And there was light at the end of the tunnel on last Saturday's Common Boston Weekend tour of the three new MBTA stations at the end of Dorchester's Red Line branch, which mark the end of an era of descent into darkness to alight from or crowd into a train.
From left, the new Fields Corner, the renovated Shawmut and the new Ashmont stations give Grand Central glory to your southbound commute and serve as dignified gateways to their respective neighborhoods.
Yep, Cambridge Seven Associates have done it again.
These architectural masterhands behind such luminary landmarks as the Forest Hills and Porter Square T stations have mastered the art of making light out of shadow and lightness out of heft. Just as they had demonstrated with the spiraling aquatic tank ramp they had carved out of the concrete cavern of their New England Aquarium and the soaring atrium space they had scooped out of the granite-block cell-block confinement of the old Charles Street Jail when reforming it as the Liberty Hotel.

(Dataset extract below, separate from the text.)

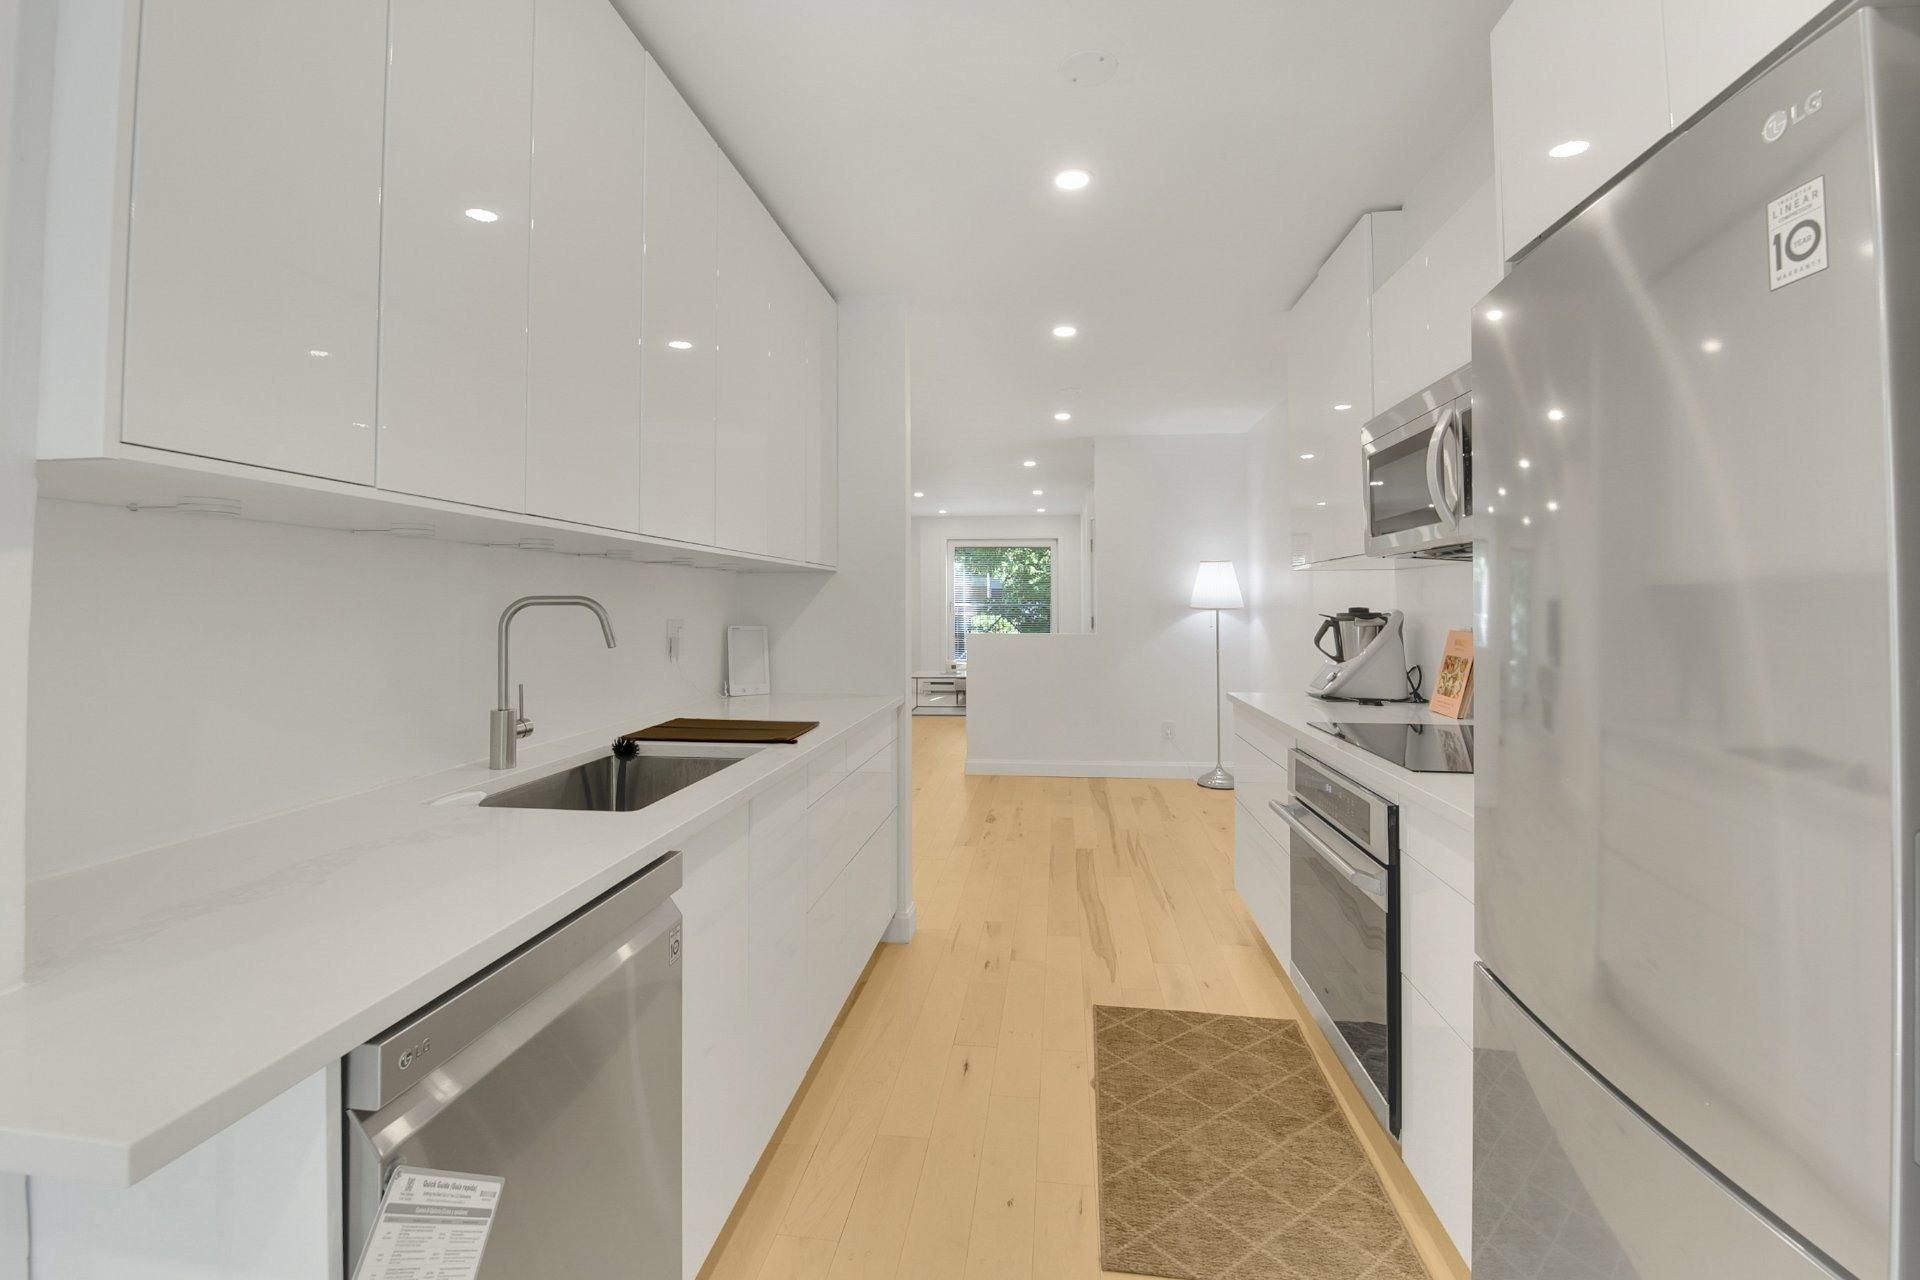 image 7 - Appartement À vendre Verdun/Île-des-Soeurs Montréal  - 7 pièces

By similarly lightening up the Fields Corner, Shawmut and Ashmont T stations, C7A have liberated commuters from the dank, stuffy sheds they used to arrive at or depart from for decades. They are now treated to a bright, warm welcome into, or bon voyage from, their neighborhoods.
Since its opening on November 5, 1927, the Fields Corner station had been a creepy climb to a dungeon-like depot of a waiting platform, and this concrete bunker-box had stood cheek-to-jowl with an abutting three-decker, imposing daily train-roar on its occupant.
Now the platform is lightly shaded by feathery wingspan awnings of translucent polymer plastic that shed longed-for light on one's train wait, and end the three-decker's 80-year wait for elbow-room and breathing space. There's more of that in the station's new gray-granite entrance floor, which is cool without being cavernous, owing to the glass walls and halogen lighting.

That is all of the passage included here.